▶ [WORK TASK]:
Among the records below, find the line with "Village de Mattingley, Hampshire, Angleterre, Royaume-Uni, un" and the line with "Dubai, UAE - 02.27.2021". Set down both and every line between, exactly and with no pictures, but nothing else.

▶ [DATA TO EXAMINE]:
******************************
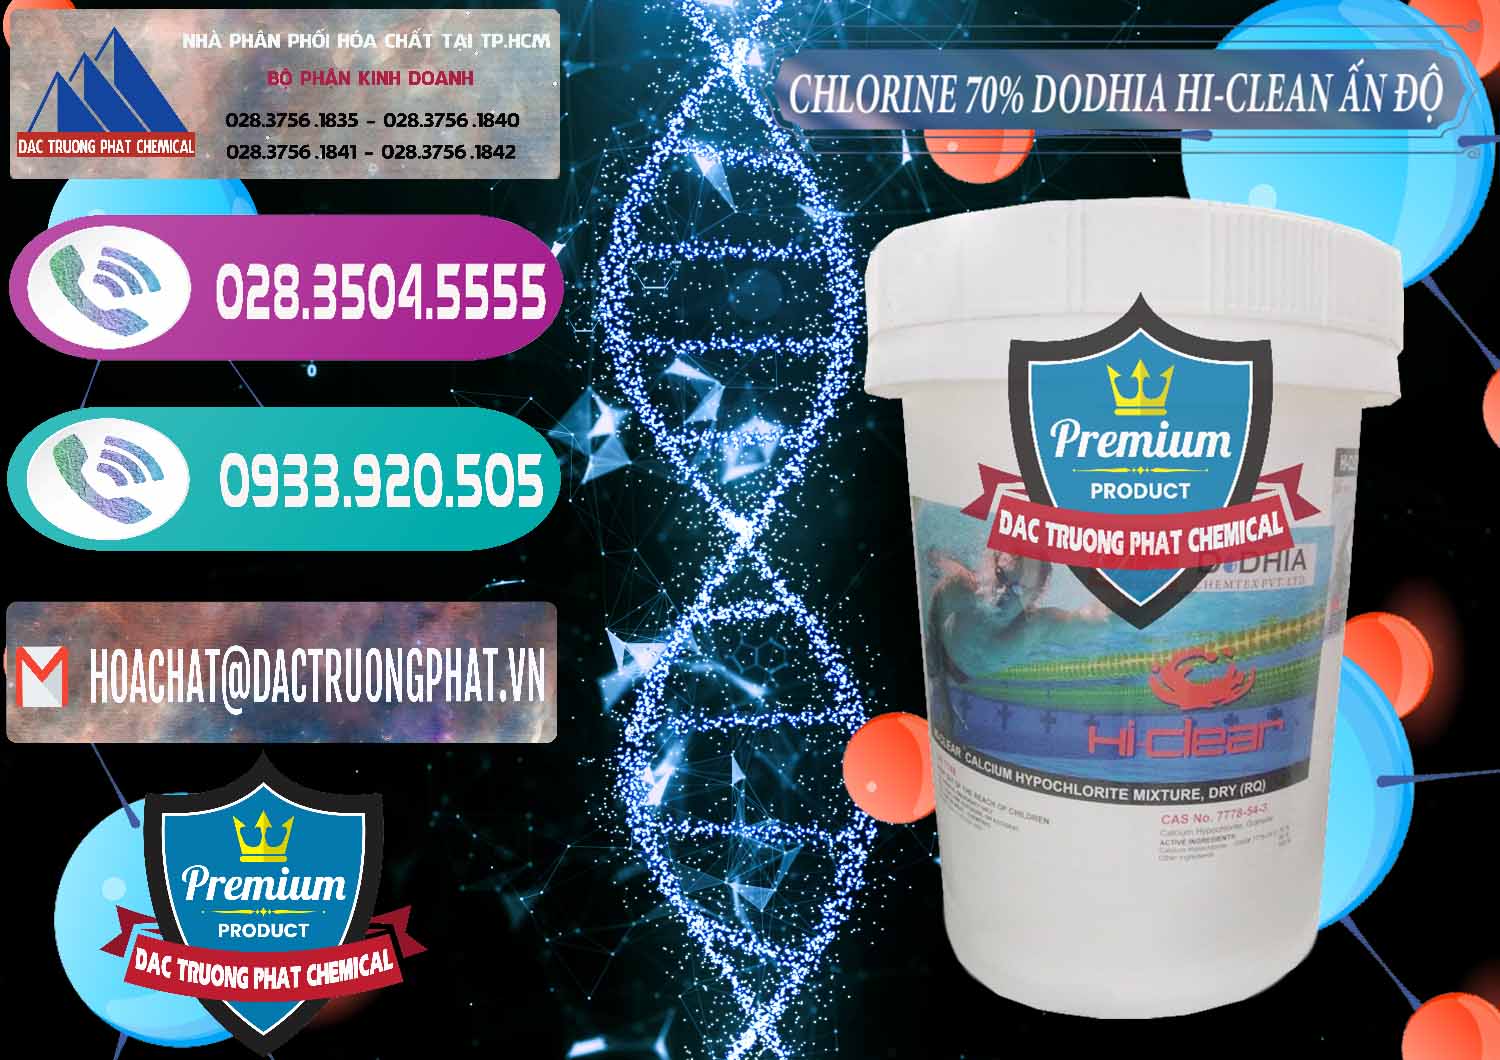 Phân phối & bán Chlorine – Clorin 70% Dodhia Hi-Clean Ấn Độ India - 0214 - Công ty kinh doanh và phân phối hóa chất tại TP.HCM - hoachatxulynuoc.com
******************************
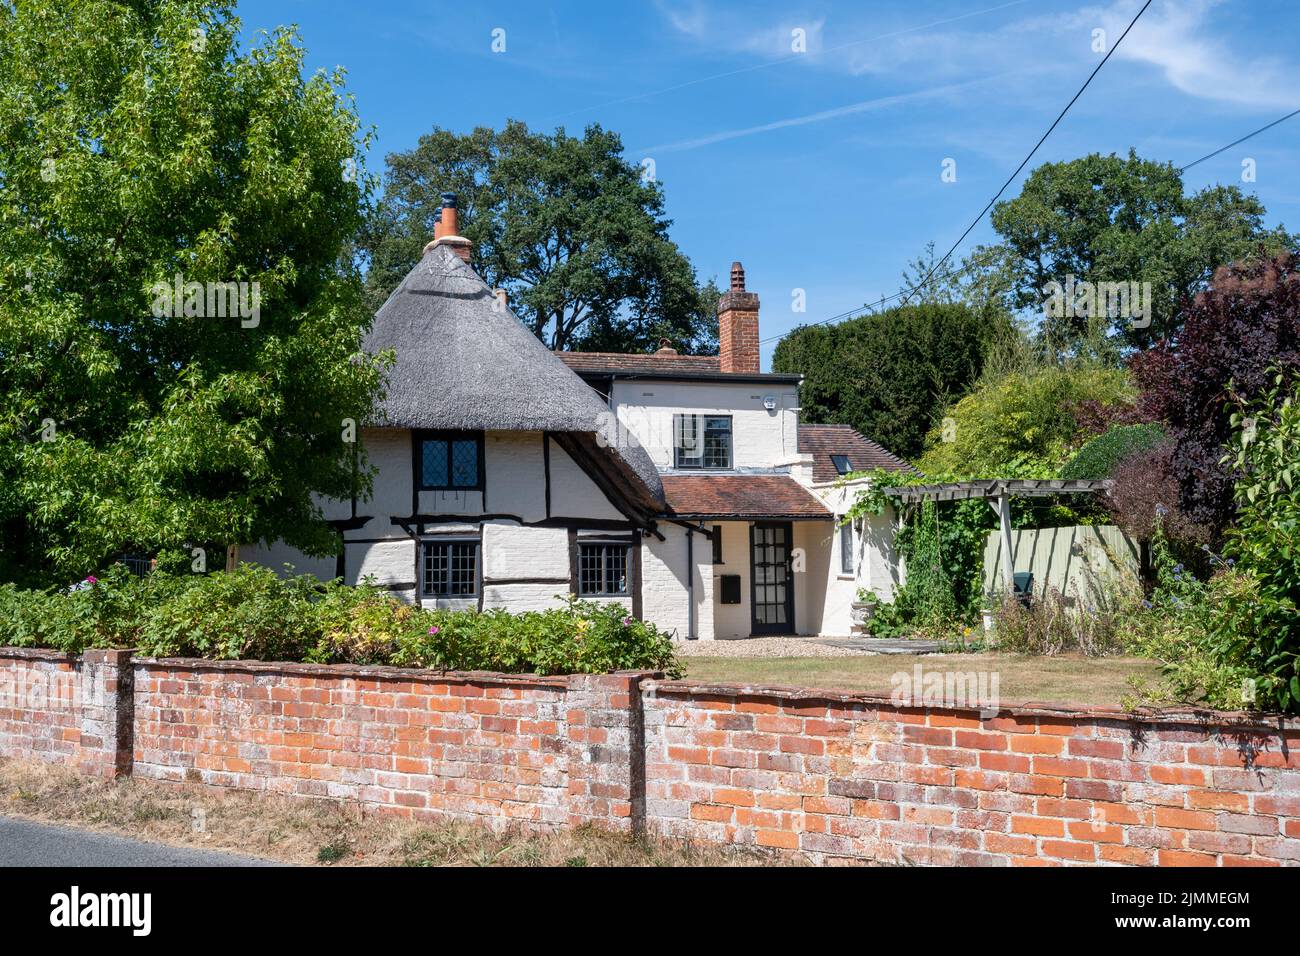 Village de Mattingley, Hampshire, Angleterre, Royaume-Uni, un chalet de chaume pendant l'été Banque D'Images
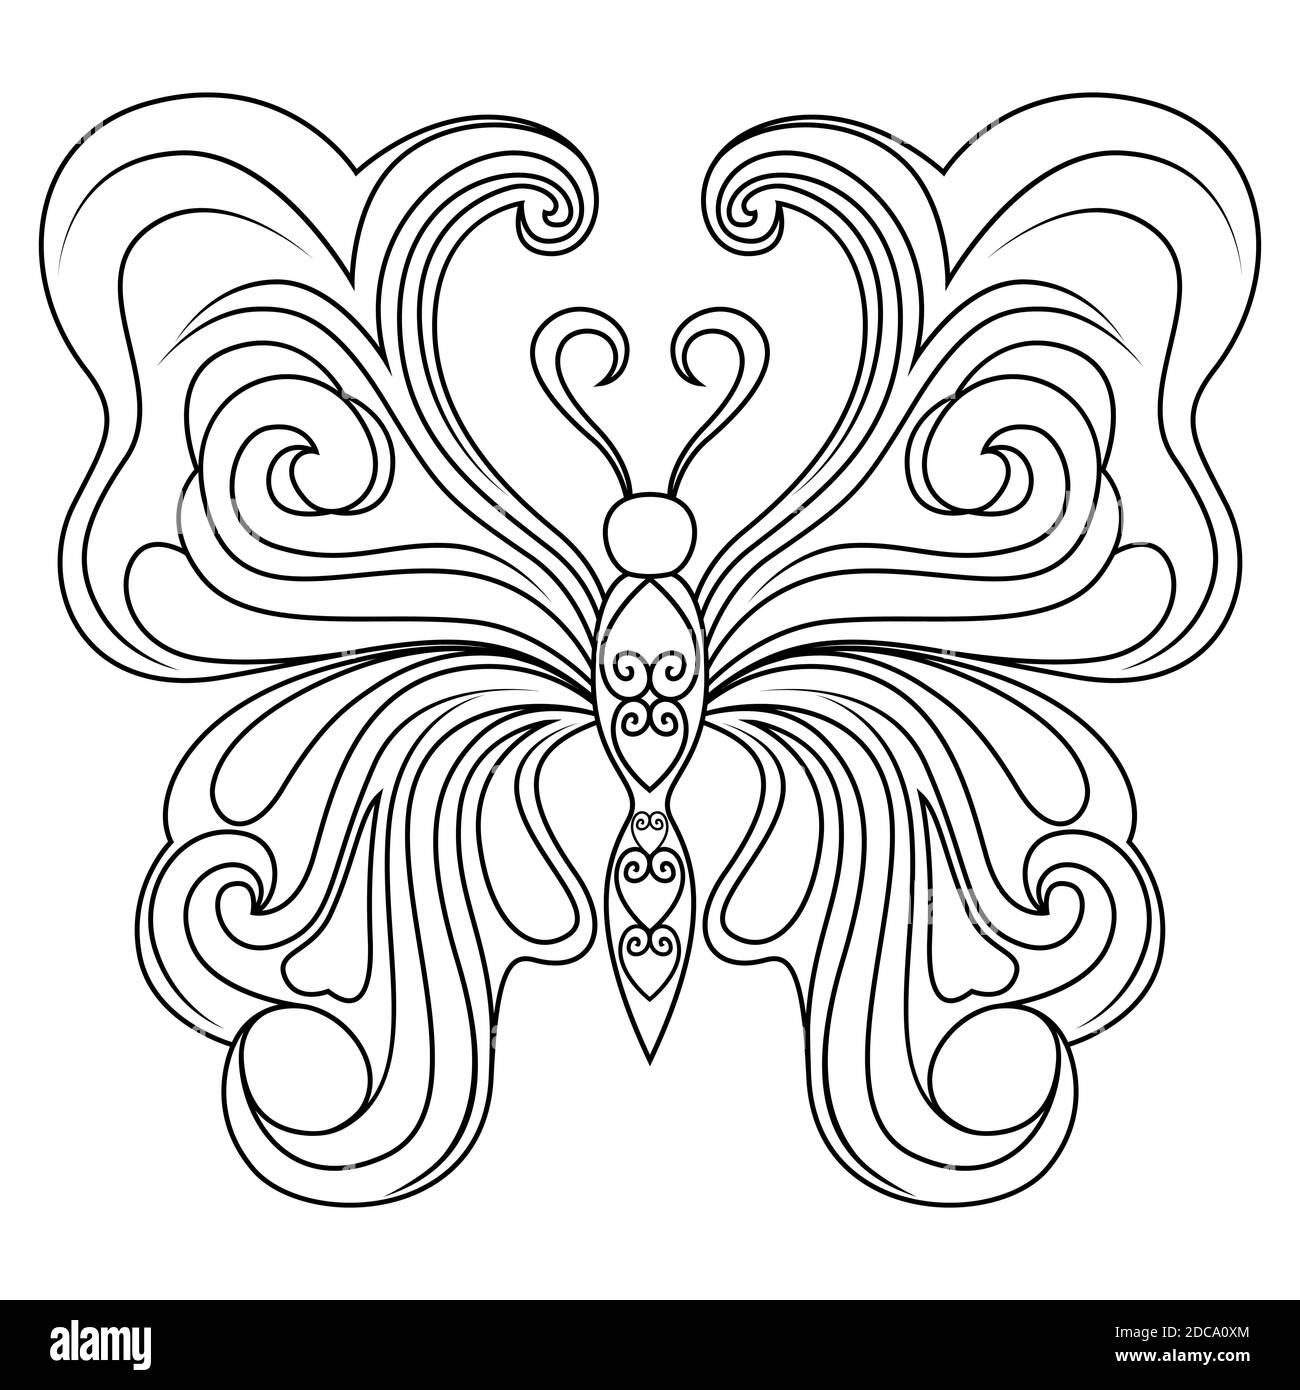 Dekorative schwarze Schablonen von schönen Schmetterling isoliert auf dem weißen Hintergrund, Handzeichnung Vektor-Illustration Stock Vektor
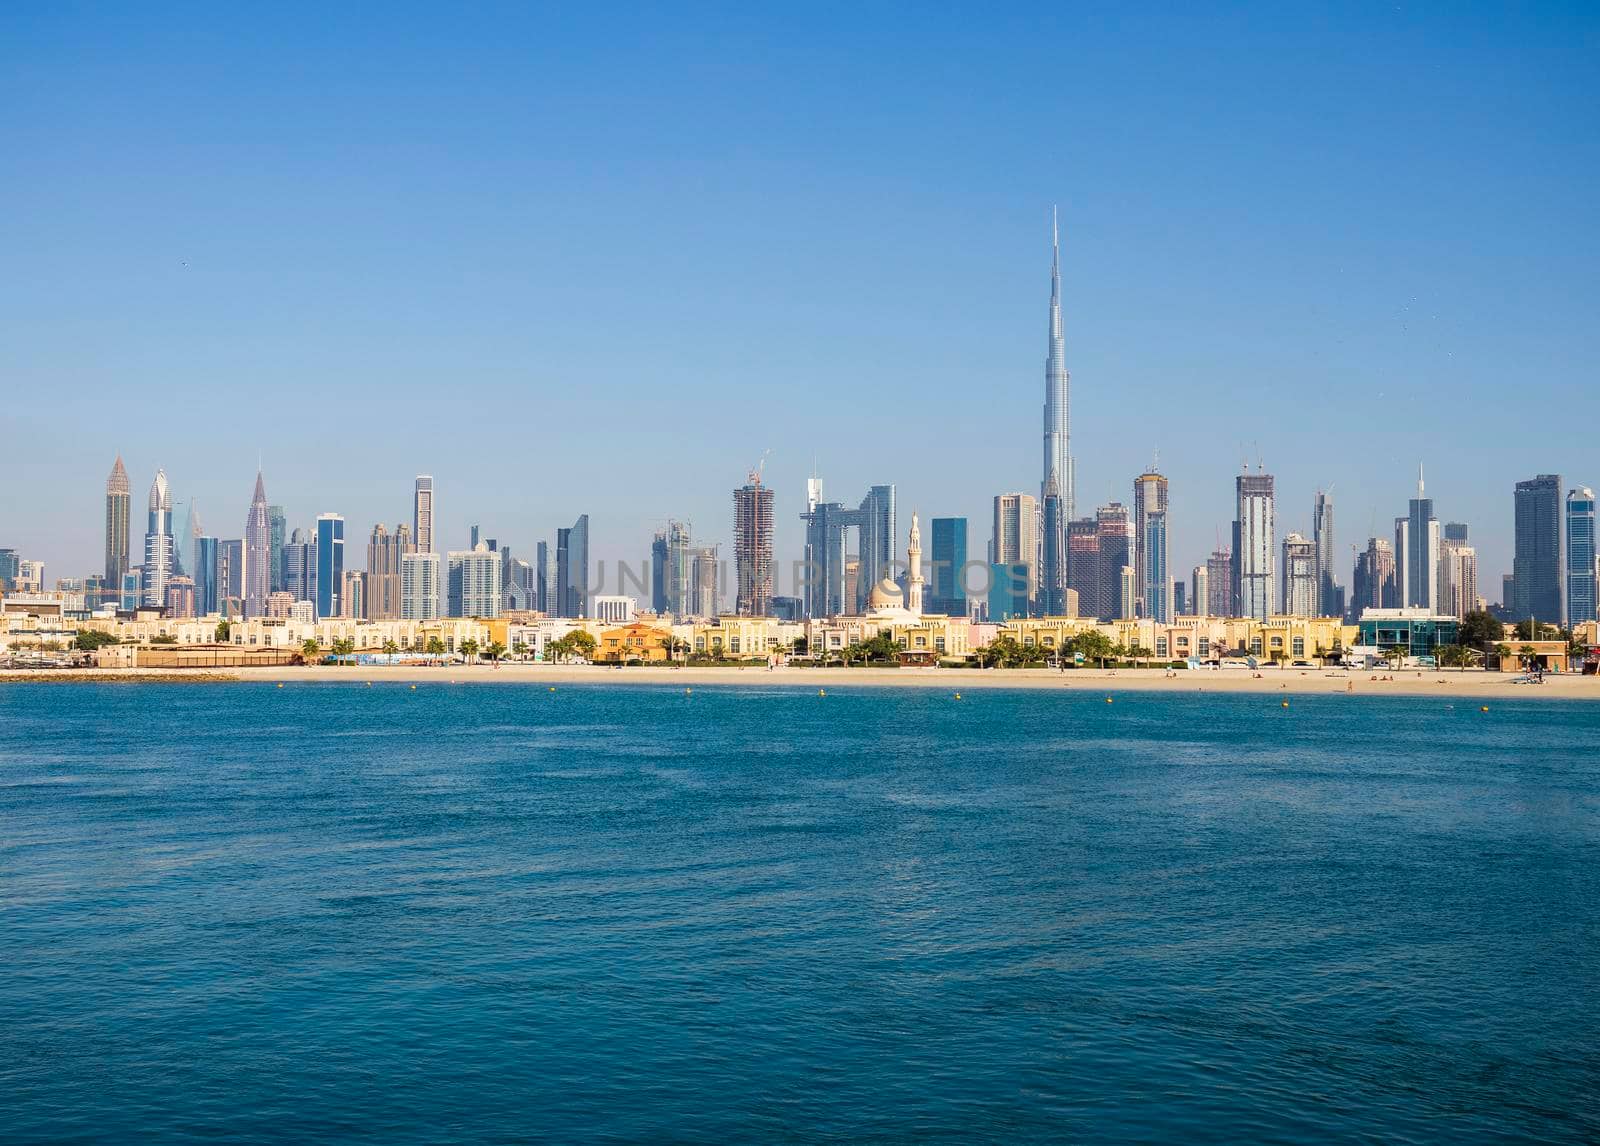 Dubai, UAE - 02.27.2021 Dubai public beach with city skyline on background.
******************************
▶ [SOLUTION]:
 Village de Mattingley, Hampshire, Angleterre, Royaume-Uni, un chalet de chaume pendant l'été Banque D'Images
 Dekorative schwarze Schablonen von schönen Schmetterling isoliert auf dem weißen Hintergrund, Handzeichnung Vektor-Illustration Stock Vektor
 Dubai, UAE - 02.27.2021 Dubai public beach with city skyline on background.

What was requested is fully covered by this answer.